Но тут Циммеринг, шедший по левую сторону Берндта, подхватил вопрос и показал, как надо в таких случаях отвечать:
— Понятно, как не пробрать.— Глаза Берндта на замкнутом и настороженном лице совсем скосились влево.— Всякого проберет,— спокойно продолжал Циммеринг,— когда правда взяла верх над болтовней, шумихой и дипломатической возней, когда слышишь наконец приказ и стреляешь.
Он разошелся и продолжал в том же духе, хотя шпик с разочарованным и скучающим видом давно уже смотрел в пространство, поняв, что здесь ничего такого, о чем можно донести, не услышишь.

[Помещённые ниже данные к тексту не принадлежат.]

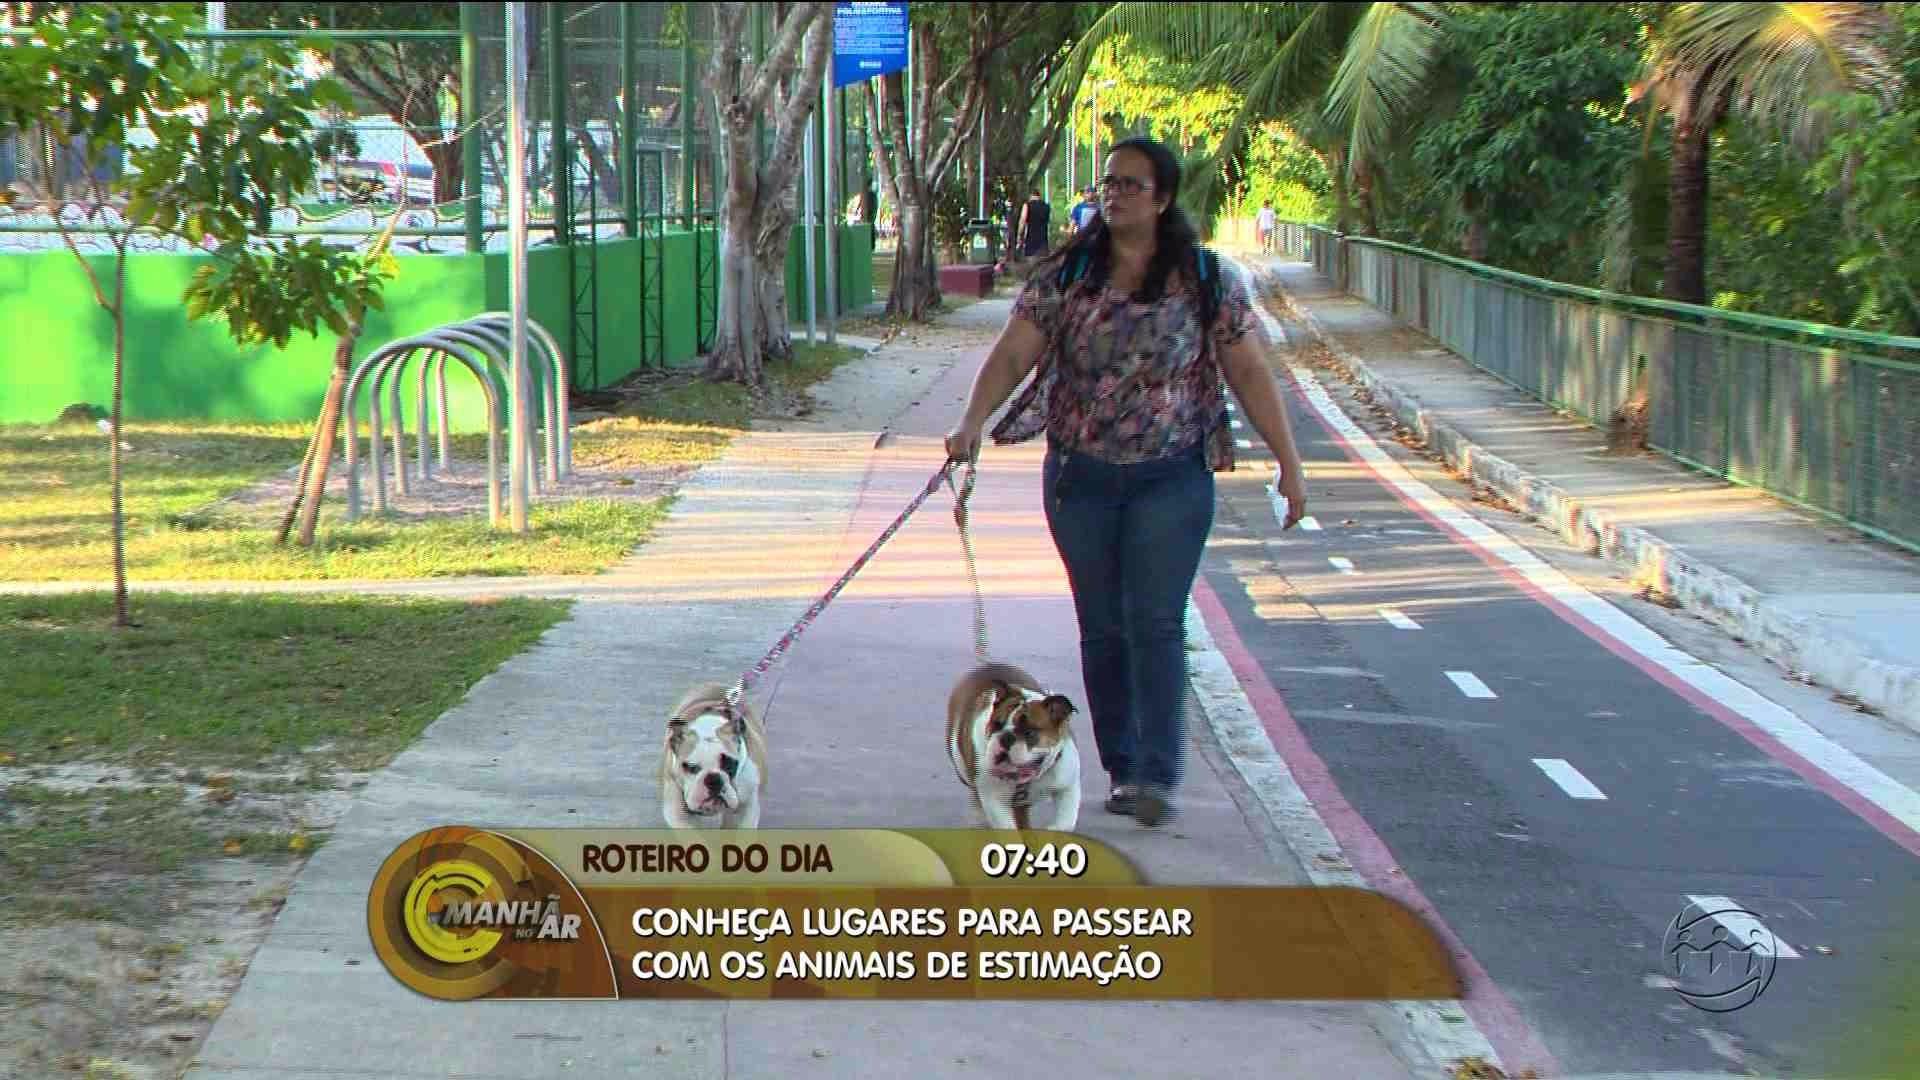 CONFIRA DICAS DE LUGARES PARA PASSEAR COM ANIMAIS DE ESTIMAÇÃO - Manhã no Ar 18/08/17 - Alô Amazonas 18/08/2017
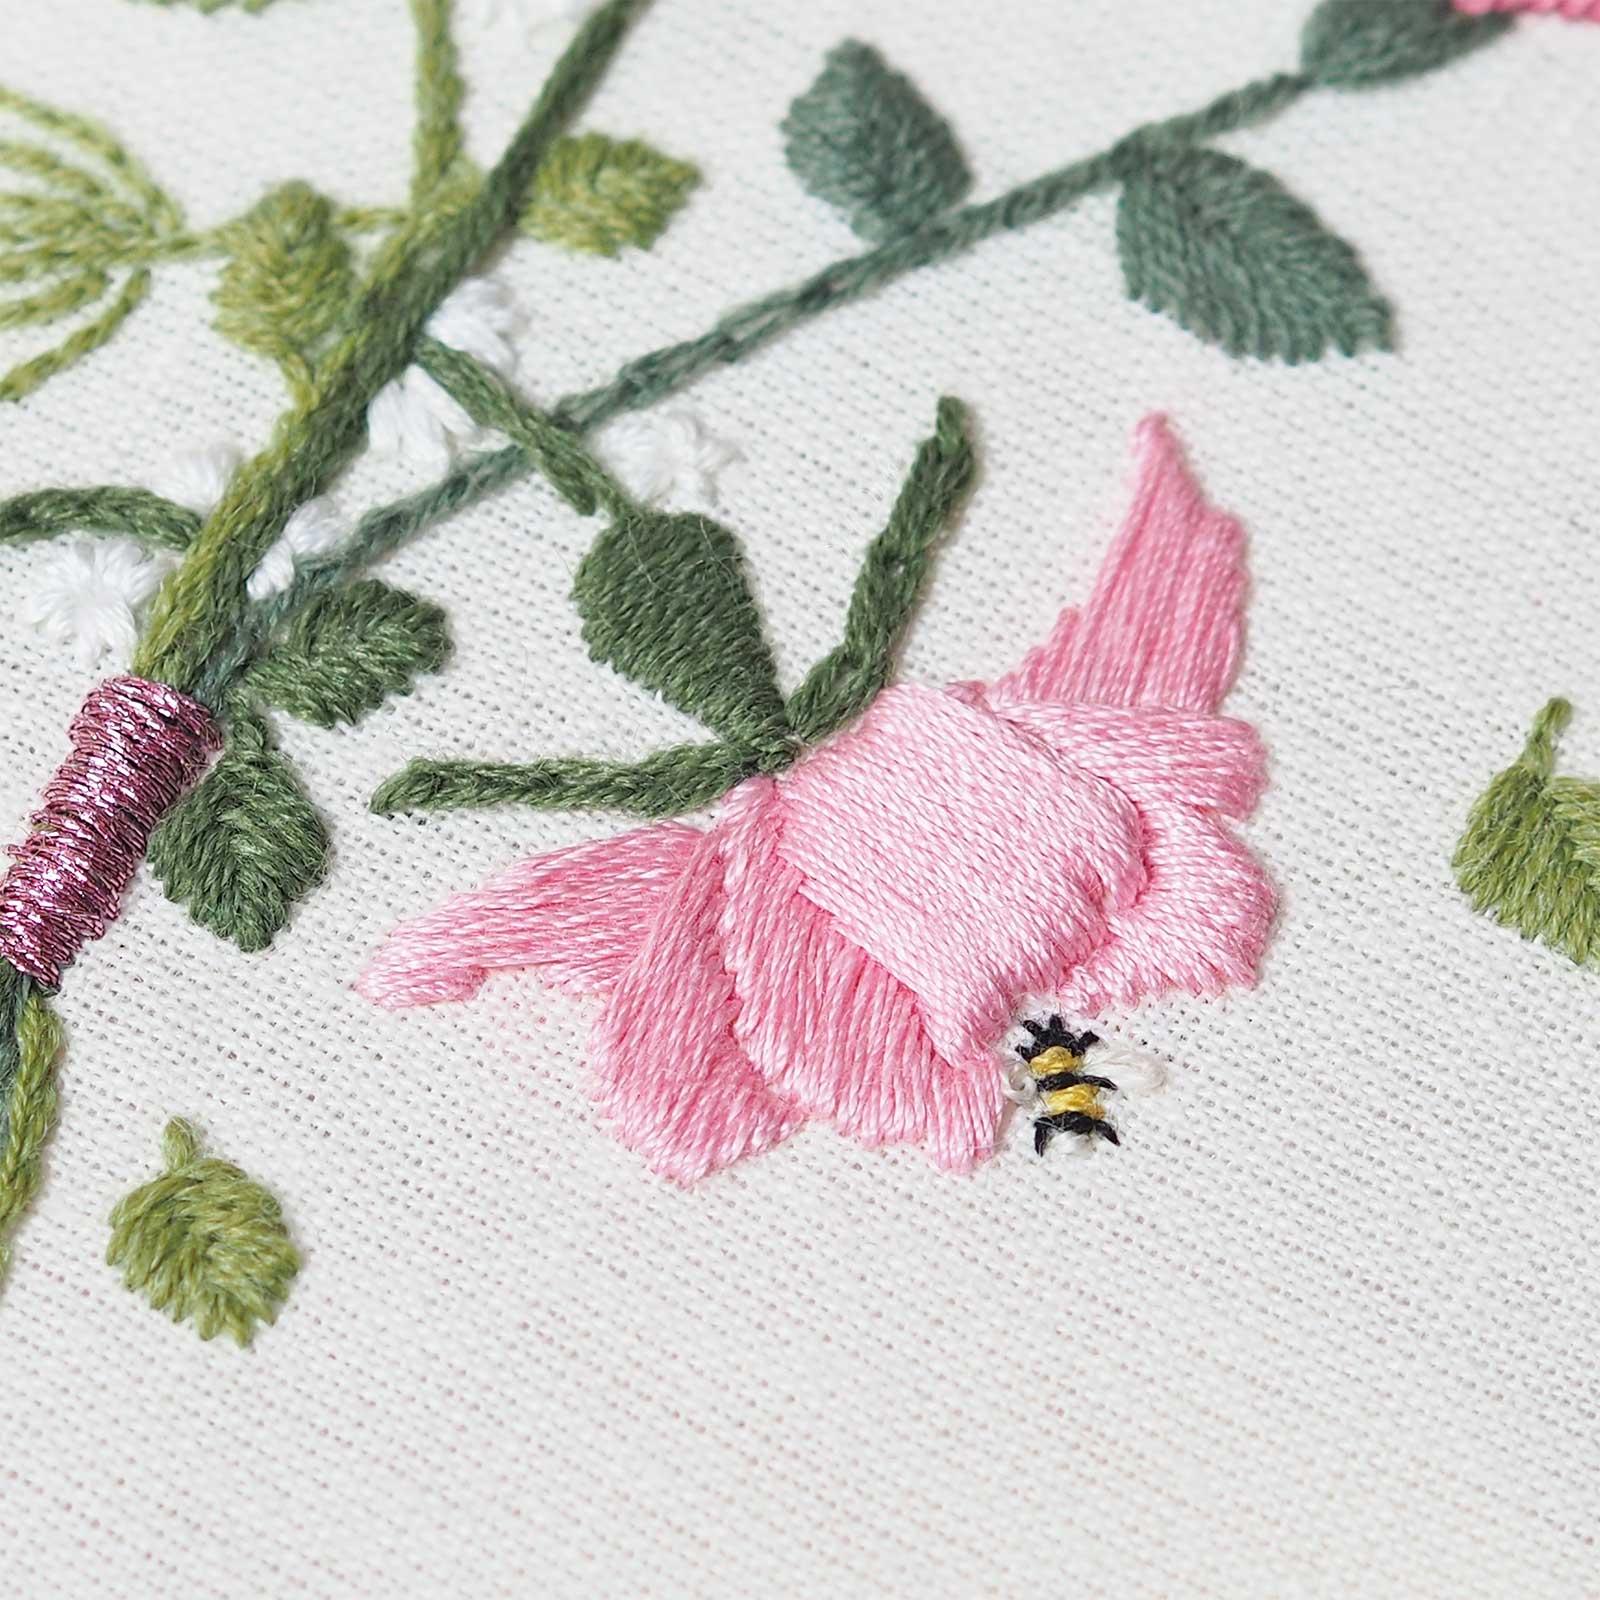 broderie détail abeille mini fleur rose La boutique de MeliMelo

Противник непрерывно контратаковал, но его сопротивление удавалось сломить не сегодня, так через день, через два. Саперы быстро навели мосты, и они форсировали Днепр с такой стремительностью, как будто в офицерских приказах была волшебная сила, которую вселял в них тот, от кого исходили все приказы и кто звался фюрером. А теперь их войска наступали так неудержимо, что это было бы похоже на колдовство, перед которым бессильно всякое оружие и отчаяние, если бы их собственные части не таяли при этом на глазах, из чего явствовало, что колдуны тоже не заговорены от смерти. Они уже много недель шагали по тучной земле, среди колышущихся нив, над которыми точно островки, маячили деревеньки, такие мирные издалека. Сказочные края по сравнению со скудной песчаной почвой Бранденбурга, которую Ганс до сих пор считал землей. И вся эта сказка из золота и чернозема была советская земля. Страна без господ и рабов, где каждый был сыт. Вслед за немецкими солдатами прибывали новые помещики, между которыми делили завоеванную землю. Деревенскую молодежь заставляли косить и пахать на новых господ или же погружали в вагоны и отправляли в Германию. Ганс слушал разговоры солдат, совсем охмелевших от такого изобилия плодородной земли. Они жадно вцеплялись в нее.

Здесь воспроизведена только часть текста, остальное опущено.